Face à ces constats, les pouvoirs publics ont décidé d’instaurer un contrôle spécifique pour les automobilistes de plus de 65 ans. L’objectif affiché est de vérifier objectivement les aptitudes de ces conducteurs tout en préservant leur autonomie.
La mesure suscite néanmoins des inquiétudes chez les retraités, pour qui la conduite reste synonyme de liberté et d’indépendance. Les débats portent notamment sur la manière d’appliquer ce contrôle sans stigmatiser les conducteurs âgés.
Un débat qui dépasse les frontières françaises
La question de la conduite des seniors est discutée depuis plusieurs années au Parlement européen, sans qu’une directive commune n’ait encore été adoptée à l’échelle de l’Union. La France s’inscrit dans ce mouvement en instaurant un contrôle national dès 2026. Le vieillissement de la population rend le sujet de plus en plus prégnant dans plusieurs États membres.
Près de 80 % des accidents graves attribués aux difficultés des conducteurs âgés, selon les autorités
Les autorités avancent que près de 80 % des accidents graves seraient liés à des difficultés rencontrées par des automobilistes âgés. Ce chiffre, issu de plusieurs études selon les pouvoirs publics, est présenté comme l’une des principales justifications de l’examen obligatoire.

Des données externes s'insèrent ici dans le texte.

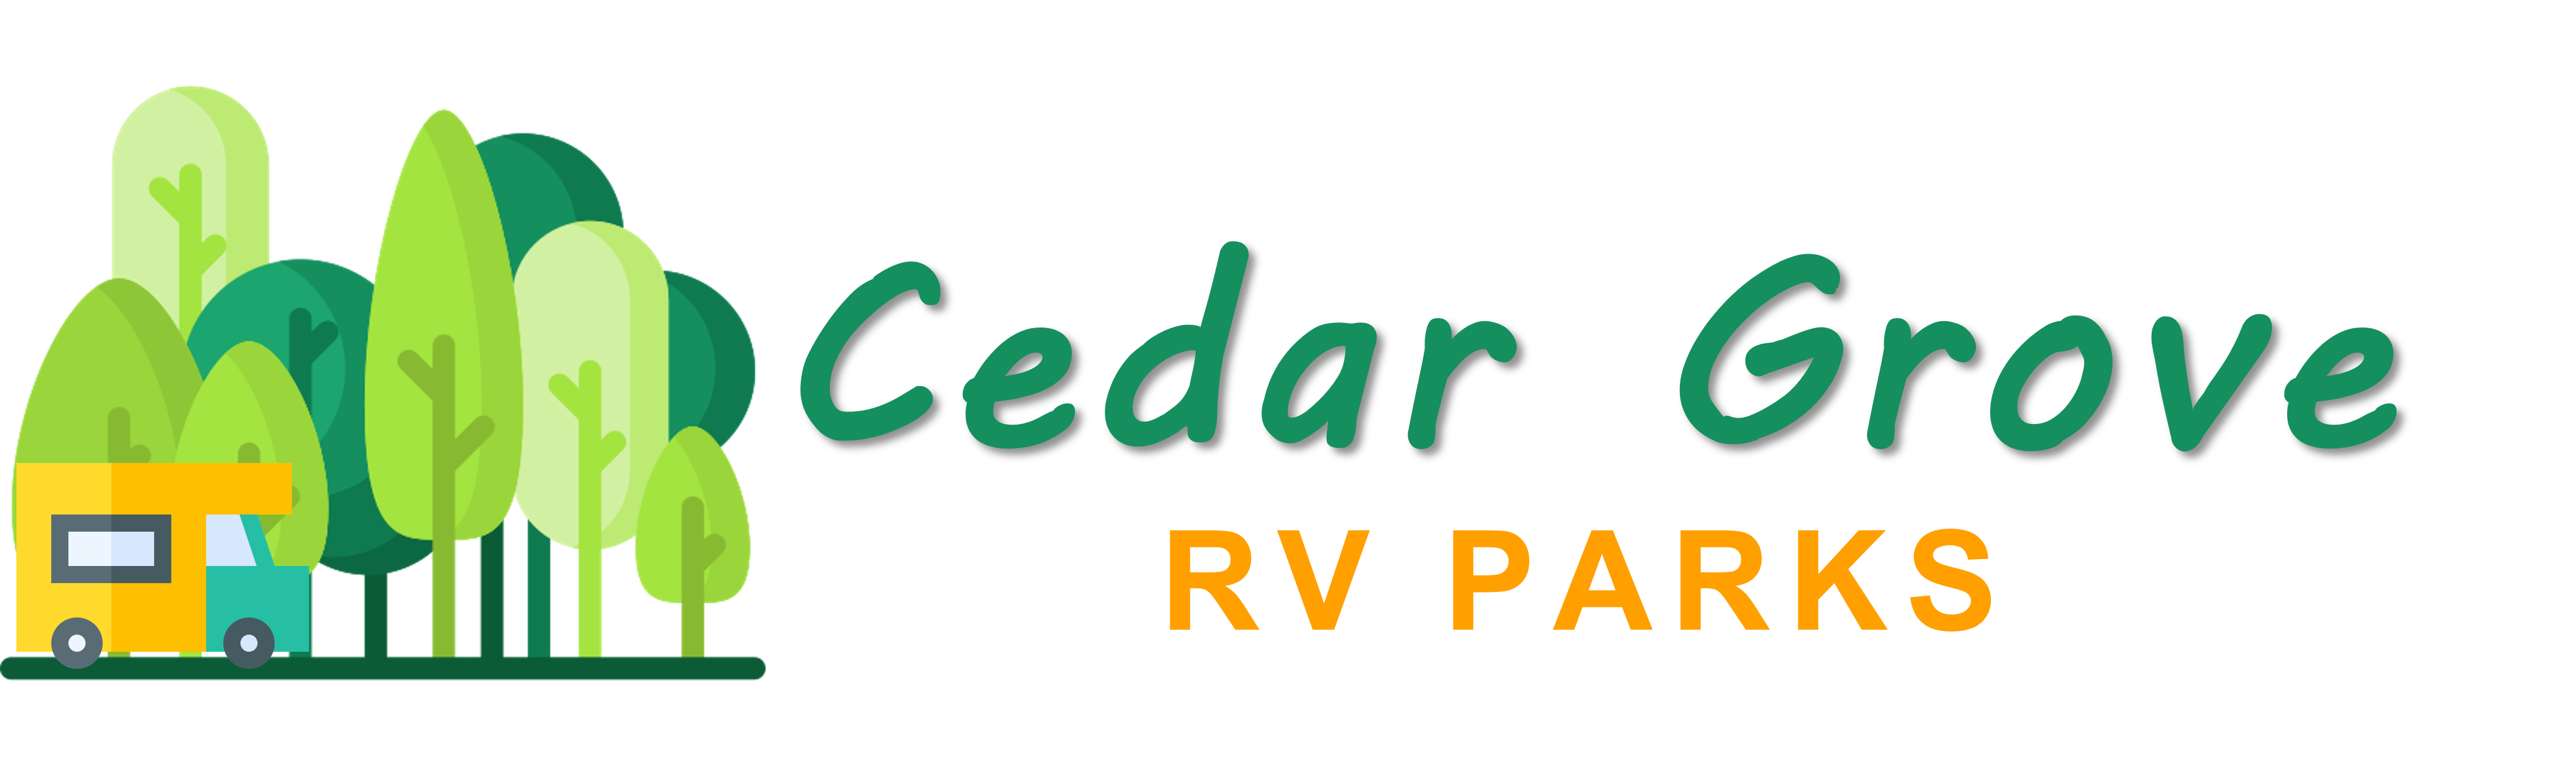 Cedar Grove RV Parks - UTILITIES INCLUDED

Ces données restent des estimations avancées par les autorités pour défendre la mesure. Elles ne constituent pas un bilan officiel définitif et leur périmètre exact — type d’accidents, territoire, période — n’est pas précisé dans les éléments disponibles.
Un examen en deux volets: bilan médical et mise en situation réelle
L’examen prévu en 2026 comportera, selon Pleine Vie, deux volets complémentaires. Le premier est une évaluation médicale comprenant des tests visuels et auditifs ainsi que des exercices destinés à mesurer les réflexes et la coordination du conducteur.

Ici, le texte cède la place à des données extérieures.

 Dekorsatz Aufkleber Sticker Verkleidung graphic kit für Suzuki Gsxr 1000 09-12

Le second volet est une épreuve pratique: une mise en situation réelle au volant, conçue pour juger l’aptitude effective à circuler en sécurité. L’articulation entre ces deux composantes vise à offrir une évaluation globale des capacités du conducteur senior.

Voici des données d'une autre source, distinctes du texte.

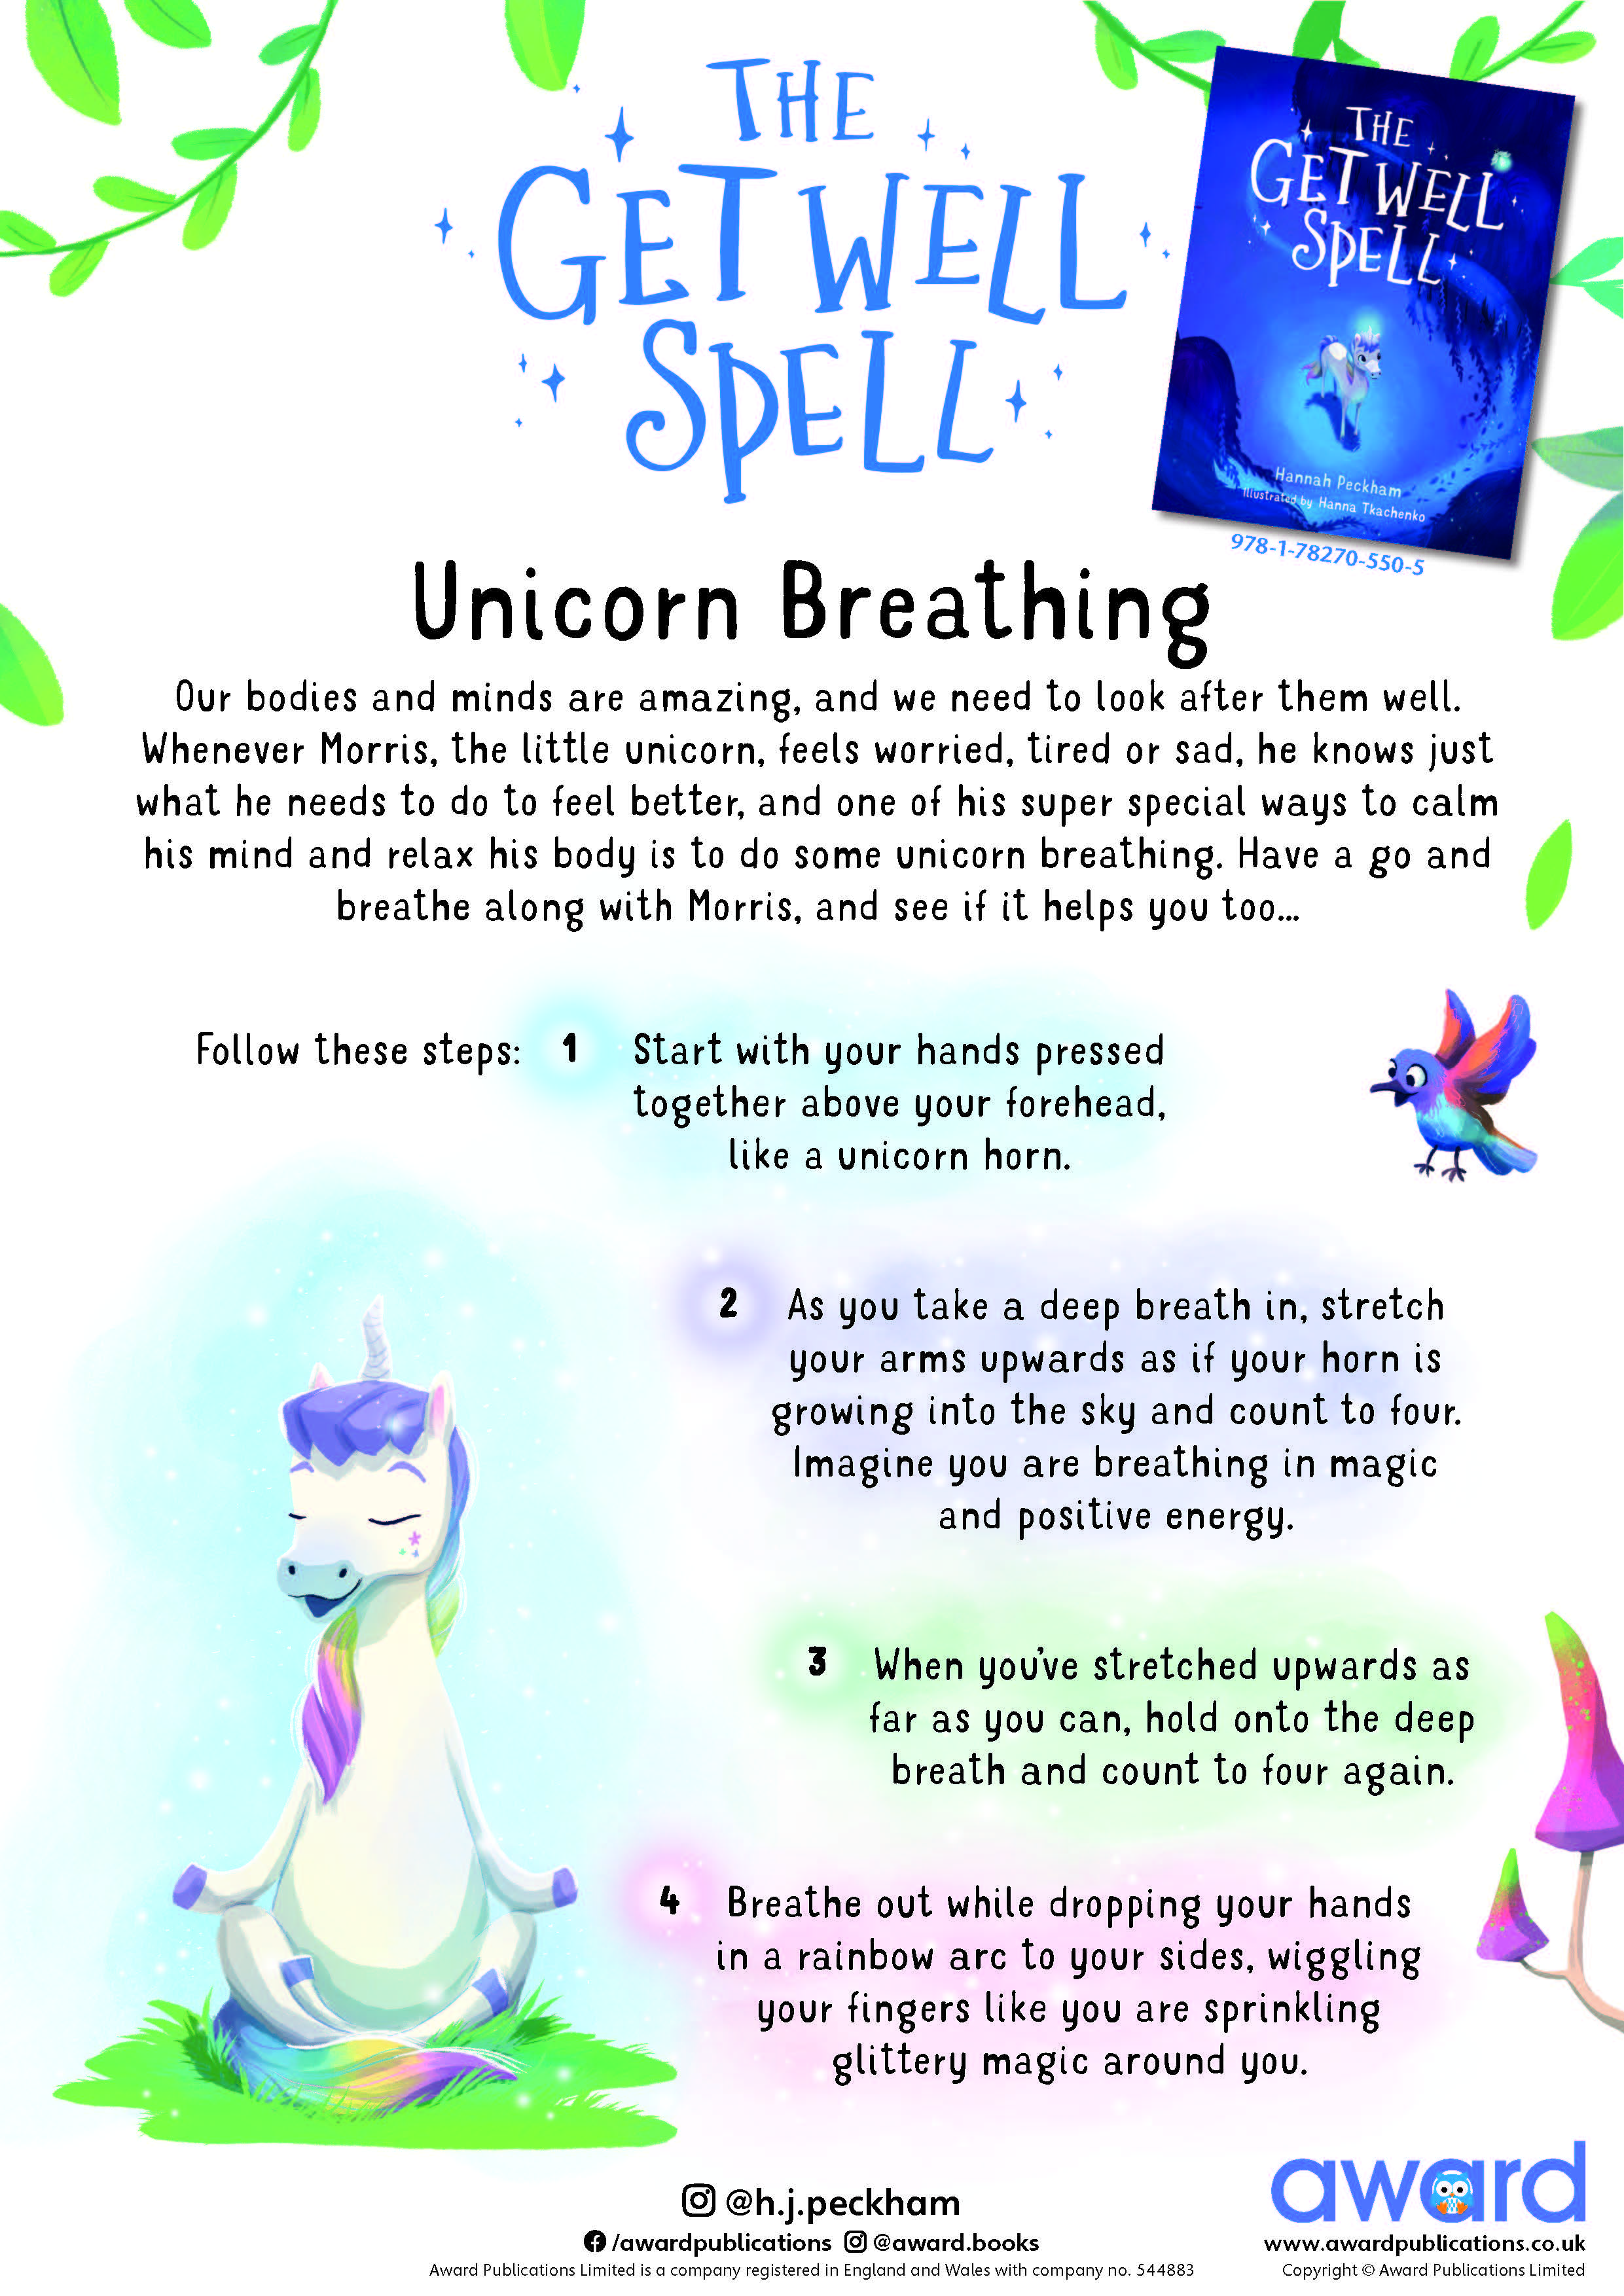 Unicorn breathing

Permis suspendu en cas d’échec, formations et remise à niveau prévues
Un échec à l’examen pourra entraîner la suspension ou la limitation du permis de conduire. Les autorités précisent toutefois qu’une récupération reste possible après une mise à niveau ou un suivi médical adapté, et que la sanction ne doit pas être perçue comme une exclusion définitive.